Swachh Survekshan 2016: Mysuru cleanest city of India

Mysuru has emerged as the country’s cleanest city followed by Chandigarh and Tiruchi in a sanitation survey conducted by the Ministry of Urban Development under the Swachh Bharat Mission.New Delhi Municipal Council came in fourth while Prime Minister Narendra Modi’s constituency Varanasi was ranked 65th among 73 cities. Dhanbad was at the bottom of the ladder.

Swachh Bharat Mission 

Prime Minister Shri Narendra Modi Launched the ambitious ‘Swachh Bharat Abhiyan’ (Clean India Mission) 2nd October 2014.The ‘Abhiyan’ was launched on the ocassion of Mahatama Gandhi’s 145th birth anniversary. The focus of the Strategy is to move towards a ‘Swachh Bharat’ by providing flexibility to State governments, as sanitation is a state subject. 

Mission Objectives

The national campaign, which will run till October 2, 2019, aims to: 

  1.  Eliminate open defecation by constructing toilets for households, communities.
  2.  Eradicate manual scavenging
  3.  Introduce modern and scientific municipal solid waste management practices
  4.  Enable private sector participation in the sanitation sector
  5.  Change people’s attitudes to sanitation and create awareness.

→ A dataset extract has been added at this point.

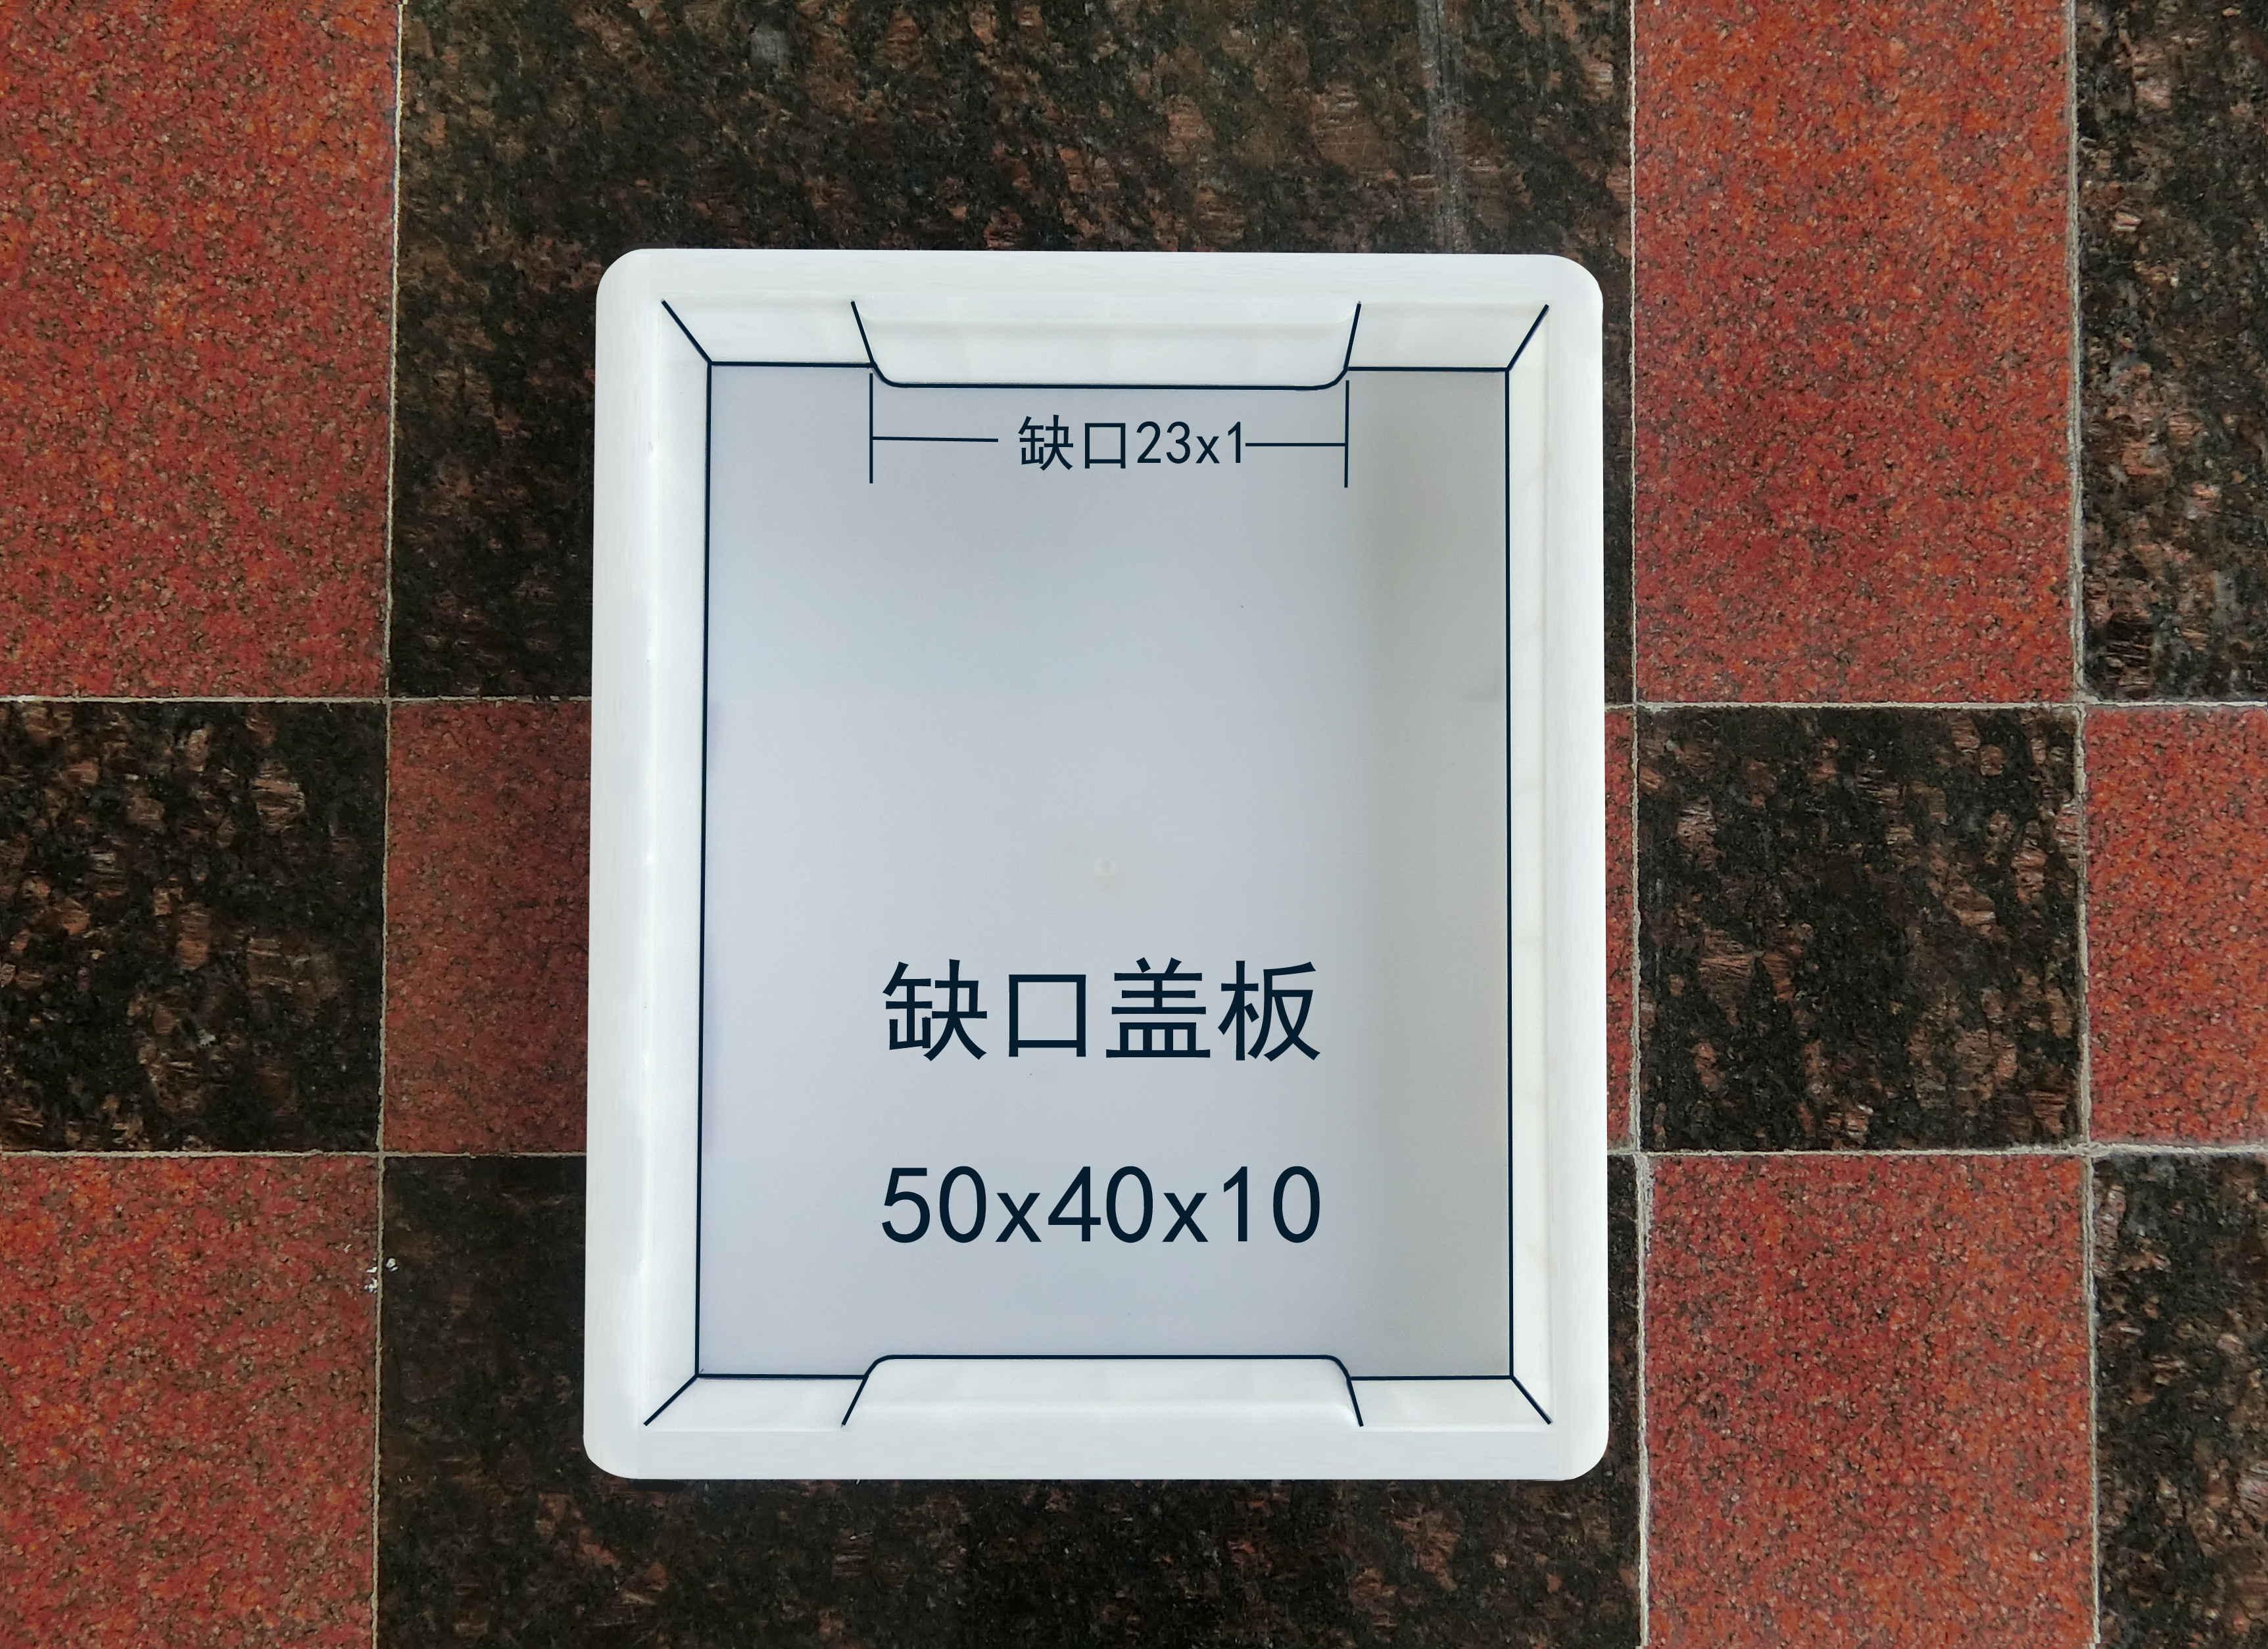 缺口盖板:50x40x10(1058g)

SBM, has two Sub-Missions, the SBM (Urban) and the SBM (Gramin), is being implemented by the Ministry of Urban Development  and by the Ministry of Drinking Water and Sanitation  for urban and rural areas respectively.


According to Census 2011, India’s urban population is 377 million or 31% of the total population. These numbers are expected to increase to 600 million by 2031. The Census 2011 also showed that in 4,041 statutory towns, close to eight million households do not have access to toilets and defecate in the open (7.90 million). Weak sanitation has significant health costs and untreated sewage from cities is the single biggest source of water resource pollution in India. This indicates both the scale of the challenge ahead of the Indian cities and the huge costs incurred from not addressing them.

The rural sanitation programme in India was introduced in the year 1954 as a part of the First Five Year Plan of the Government of India. The 1981 Census revealed rural sanitation coverage was only 1%. From 1999, a “demand driven” approach under the “Total Sanitation Campaign” (TSC) emphasized more on Information, Education and Communication (IEC), Human Resource Development (HRD), Capacity Development activities to increase awareness among the rural people and generation of demand for sanitary facilities. The “Nirmal Bharat Abhiyan” (NBA) the successor programme of the TSC, was launched from 1.4.2012. The objective was to accelerate the sanitation coverage in the rural areas so as to comprehensively cover the rural community through renewed strategies and saturation approach. To accelerate the efforts to achieve universal sanitation coverage and to put focus on sanitation, the Prime Minister of India launched the Swachh Bharat Mission on 2nd October, 2014. The Mission Coordinator shall be Secretary, Ministry of Drinking Water and Sanitation (MDWS) with two Sub-Missions, the Swachh Bharat Mission (Gramin) and the Swachh Bharat Mission (Urban), which aims to achieve Swachh Bharat by 2019.

Swachh Bharat Mission (SBM) Urban

Elimination of open defecation; Eradication of Manual Scavenging;  Modern and Scientific Municipal Solid Waste Management; To effect behavioral change regarding healthy sanitation practices; Generate awareness about sanitation and its linkage with public health; Capacity Augmentation for ULB’s; To create an enabling environment for private sector participation in Capex (capital expenditure) and Opex (operation and maintenance)

The main objectives of the SBM (Rural) are as under:

Bring about an improvement in the general quality of life in the rural areas, by promoting cleanliness, hygiene and eliminating open defecation; Accelerate sanitation coverage in rural areas to achieve the vision of Swachh Bharat by 2nd October 2019;Motivate Communities and Panchayati Raj Institutions to adopt sustainable sanitation practices and facilities through awareness creation and health education; Encourage cost effective and appropriate technologies for ecologically safe and sustainable sanitation; Develop where required, Community managed sanitation systems focusing on scientific Solid & Liquid Waste Management systems for overall cleanliness in the rural areas.